The challenge for Nick Boles is turning his vision into reality

Sometimes words change the world and sometimes they do not.

For now, Nick Boles’ intervention over planning is a statement of long-term intent rather than a change in policy.

Inevitably, however, the new planning minister has caused a furore after claiming that the amount of land built on should increase from 9 per cent today to 12 per cent in the future: over a 20-year timeframe.

He also threw in a criticism of “nimbies” who opposed new homes – while (for good measure) accusing builders of making “pig ugly” homes.

Maybe it is the language from tonight’s Newsnight interview that created the controversy. After all, Nick Clegg said roughly the same thing last week without any negative reaction to speak of. (He called for an array of new “garden cities”.)

Yet Boles is worth listening to. The Newsnight interview was ahead of a speech the minister is giving on Thursday. I’ve seen a copy and it makes fascinating reading.

The main thrust of the argument is that it is not only natural landscape that can be beautiful, but also the built environment. He cites Edinburgh as an excellent example of this; rightly. (“Who can resist the melancholy charm of a walk in the rain around Charlotte Square and through Ainslie Place?”)

He also mentions Stamford, a Lincolnshire town. And Letchworth, where planners “resisted the temptation to cram as many houses as possible” on to the available land.

Like Clegg, he goes on to cite the Garden City movement as an inspiration for a new generation of towns.

All of this is commendable, if Boles had any levers to make it happen.
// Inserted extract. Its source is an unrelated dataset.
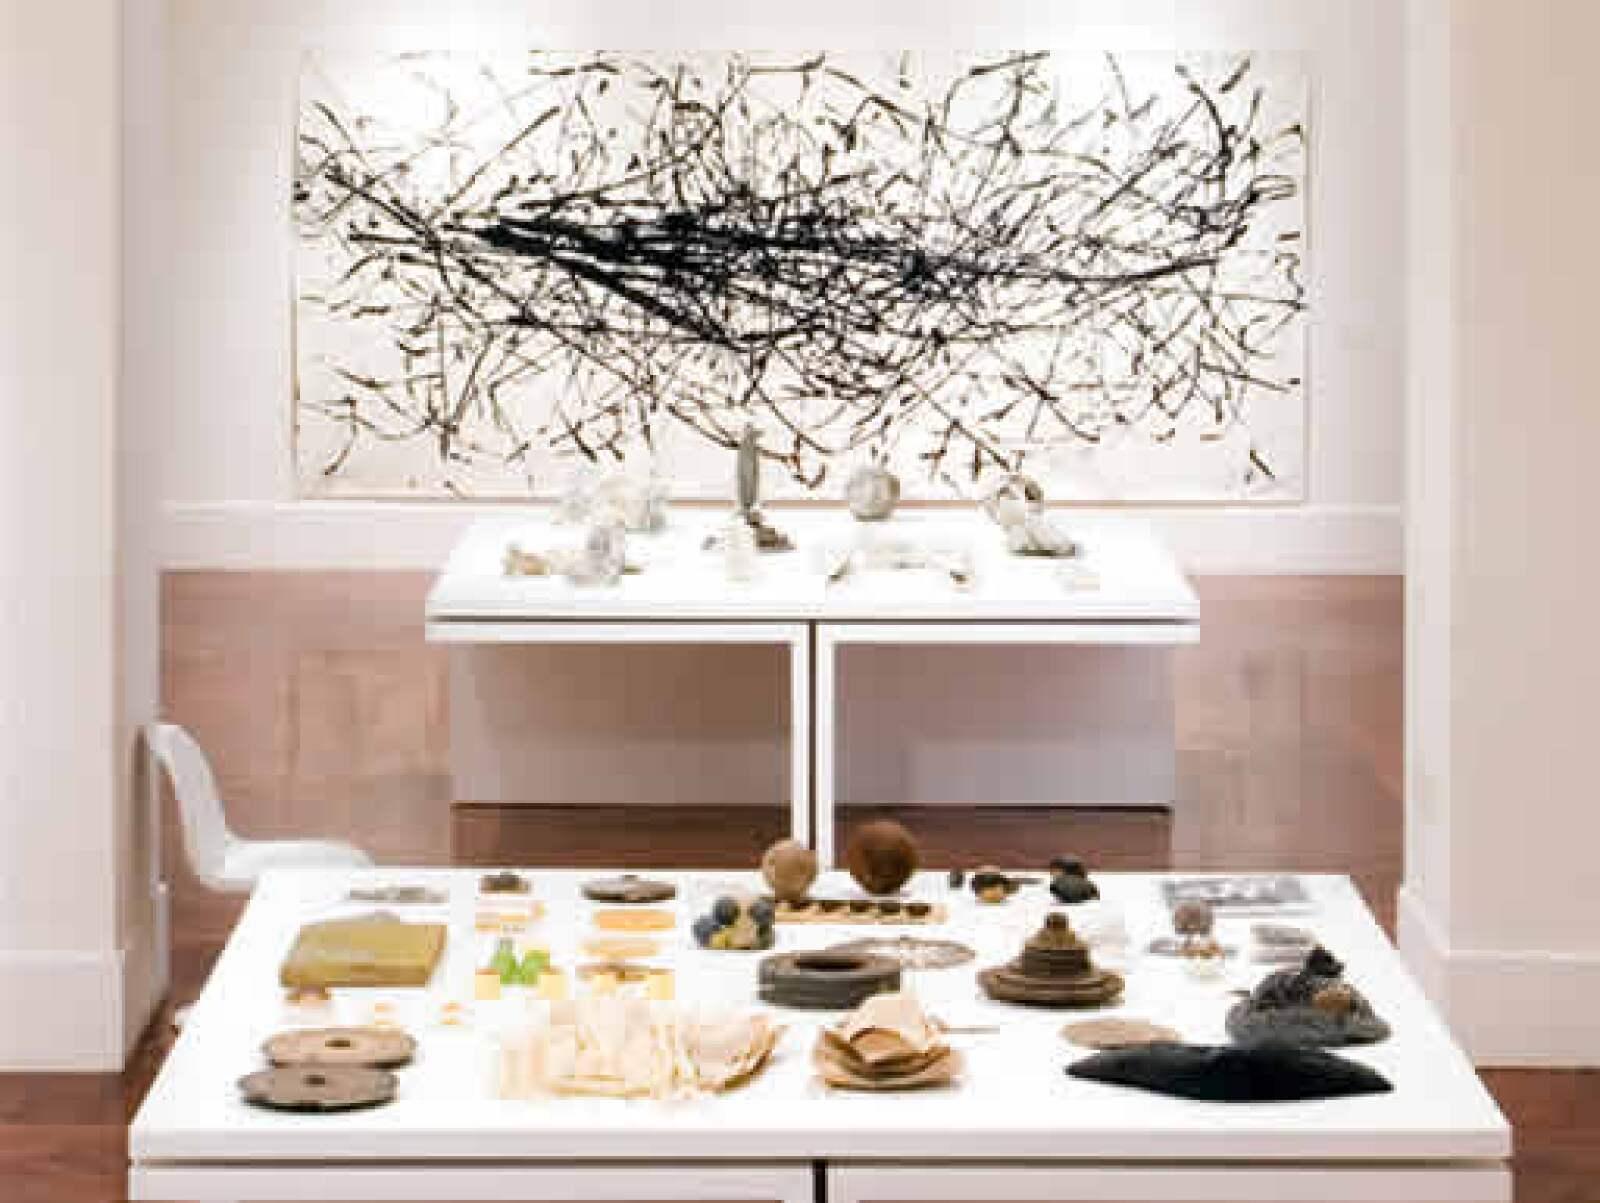 El veracruzano Gabriel Orozco, uno de los artistas contemporáneos mexicanos mejor cotizados y más coleccionados en el mundo, es representado por esta galería. Aquí una muestra de su obra, cuando fue expuesta en el Palacio de Bellas Artes.

But the failure of Labour to oversee the creation of a new generation of “ecotowns” illustrates that the gap between rhetoric and reality can often be painfully wide.

Boles himself complains that developers have in recent decades simply “bolted” new housing estates on to existing towns and villages: “Many of them are pig-ugly,” he complains.

The question is how the coalition can deliver the minister’s vision: having abandoned Labour’s top-down regional targets, the government has created incentives for development (such as the “New Homes Bonus”) but does not have any clear mechanism for creating the new towns that it wants.

That will be the next priority for the new planning minister: delivery to match the vision. Otherwise, Boles will simply replicate the “vicious circle” of poor-quality development that has blighted Britain for years.